Re: advice on coffee makers
« Reply #8 on: 19 Jan 2009, 06:15 pm »

I got a Kuerig as a gift recently. I didn’t keep it because I’ve tried it a couple of times and didn’t like the brew or maybe it was just the coffee or strength of. I like my coffee strong. A friend struggled with one for some time until he came across a specific coffee type that he liked enough to keep it. Its was more for connivance sake. I’ve also read that the little cup you can get that lets you use your own coffee sort of sucks and makes a mess so you are again stuck with buying brands and coffee types in those little disposable cups. Not only is it more expensive then it should be but it’s not particularly green.
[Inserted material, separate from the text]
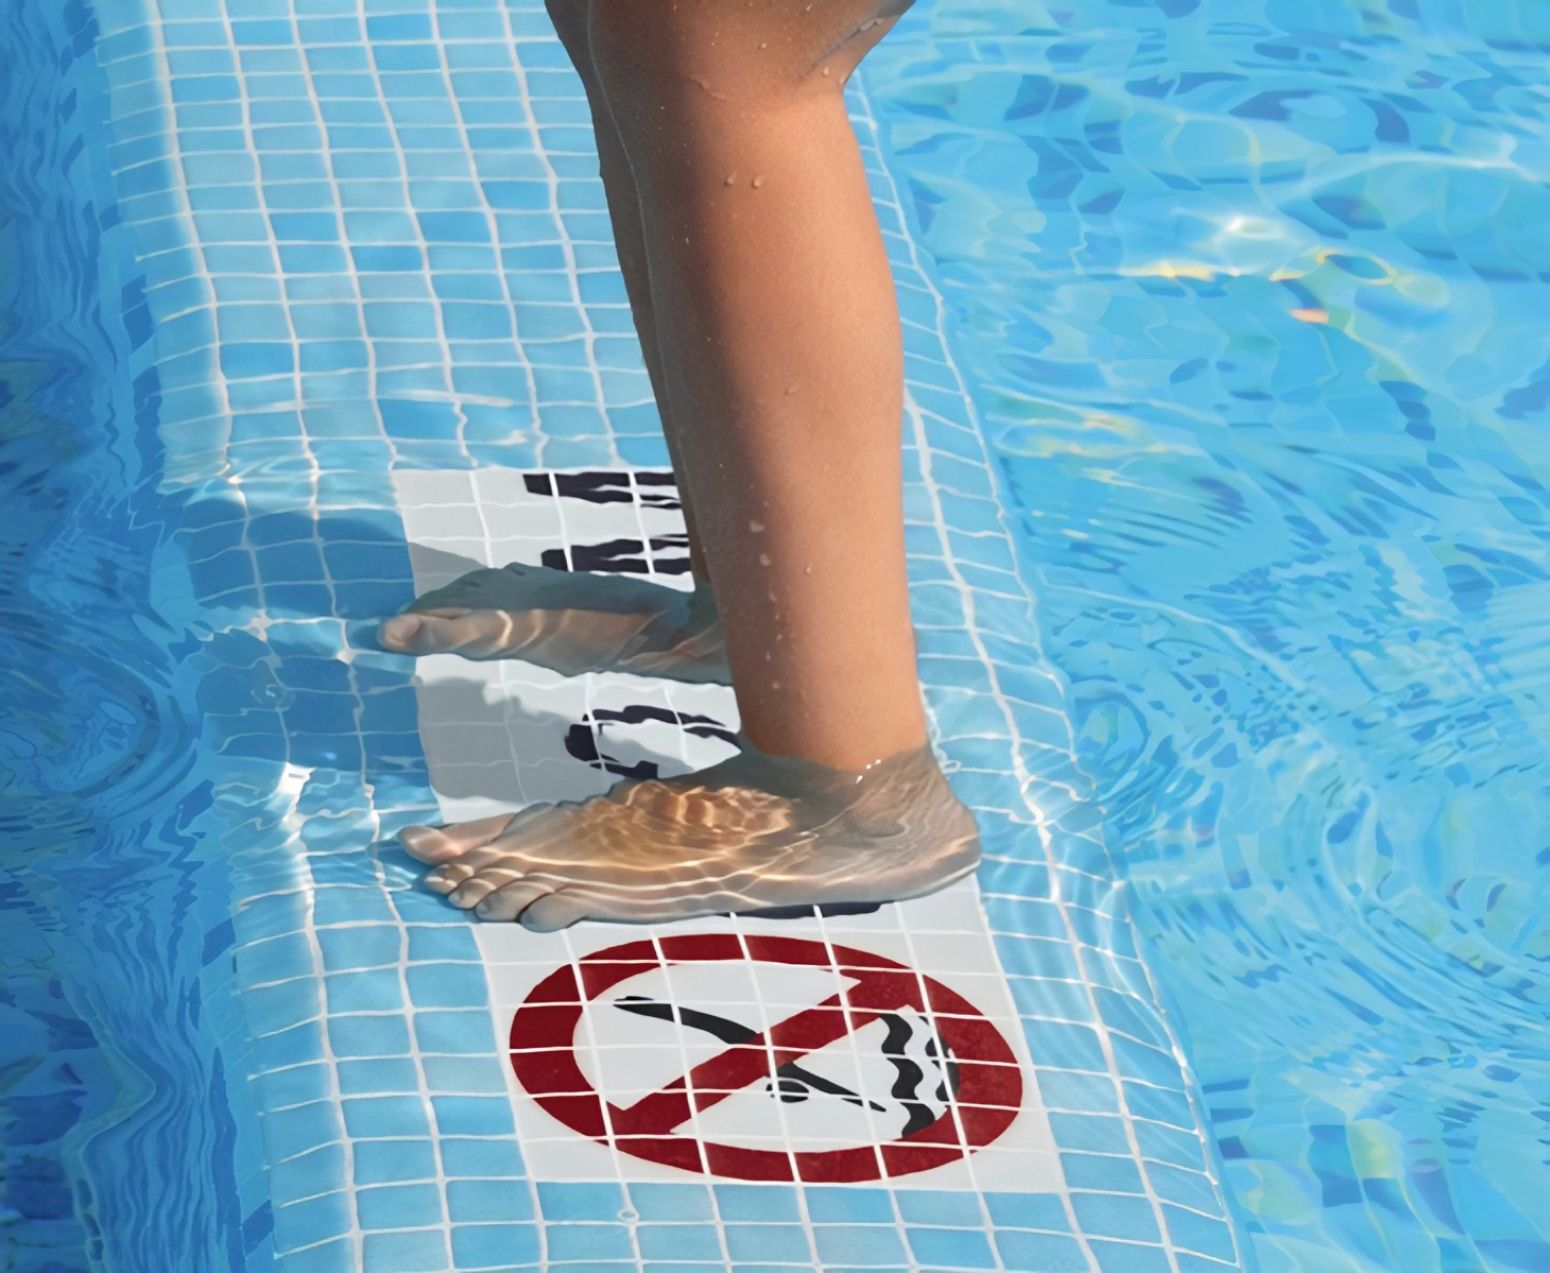 Proyecto-hisbalit-3s safe swim signs-
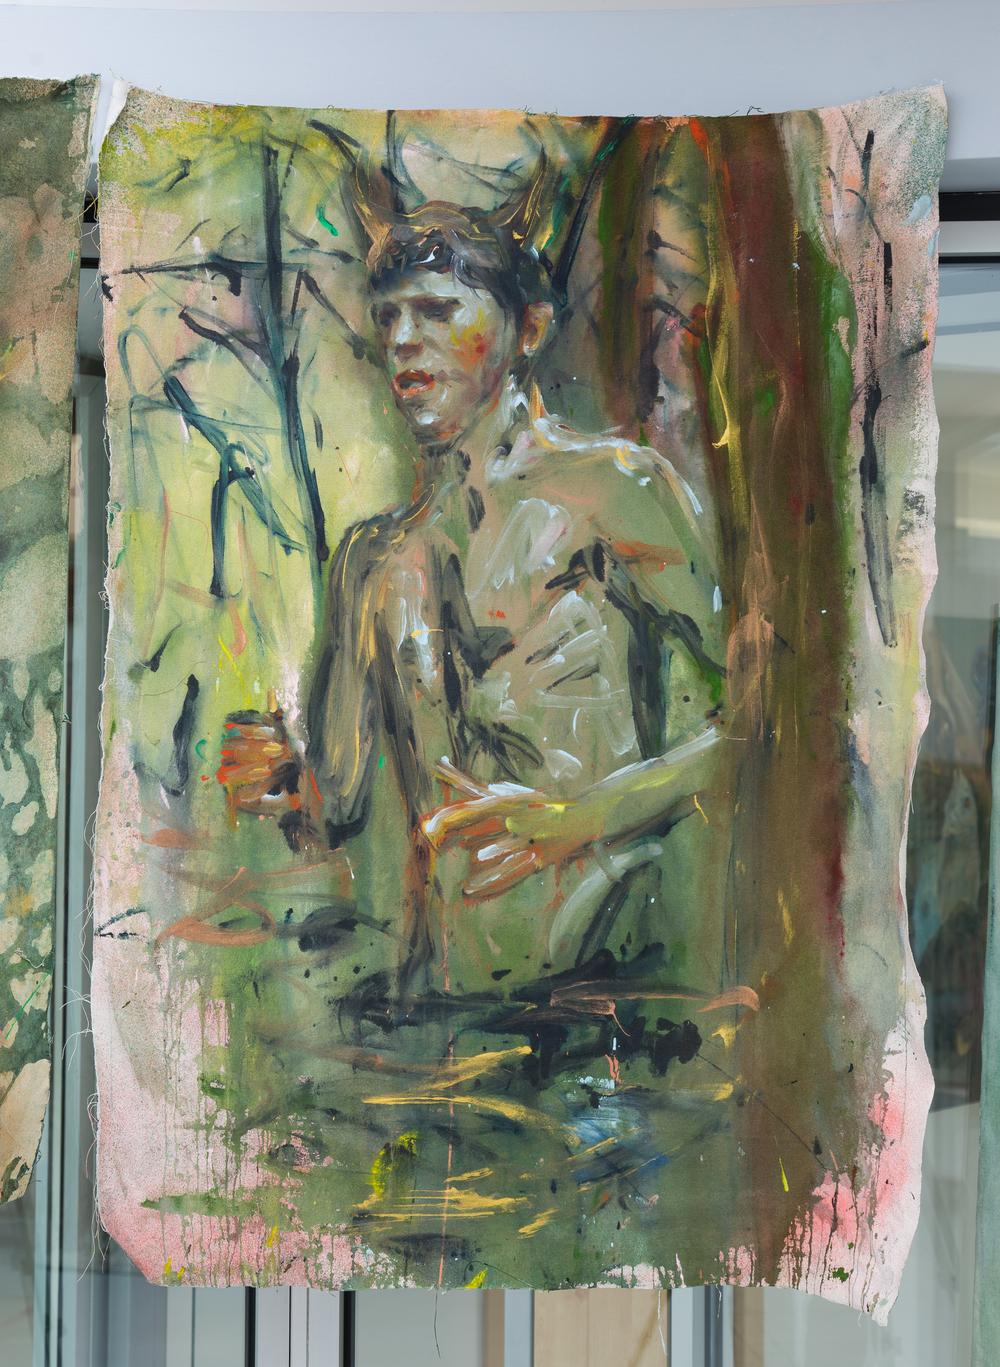 44. Andrej Dúbravský   močiar   2013, akryl na plátně   125 x 90 cm

Anyhow, in the last two weeks I bought and returned a few coffee makers. I was trying real hard to find a combo unit (coffee/espresso). None (including the $400 Krups) were all that good and the trouble (time and mess) making an espresso shot for my coffee was just not worth it. I’m not into drinking tiny 1.5oz cups of espresso alone.

I settled on the Cuisinart DCC-1200 (12 cup maker) and found my old French Press hard to beat for making a great cup of Java. I can make one or two cups easily enough.
I use a Cuisinart DBM-8 grinder and buy coffee from JRcigars.com (https://www.jrcigars.com/index.cfm?page=coffee_menu) I like the Havana blend, Honduras and Sumatra. In a pinch, I’ll buy Starbucks and other gourmet brands from the supermarket.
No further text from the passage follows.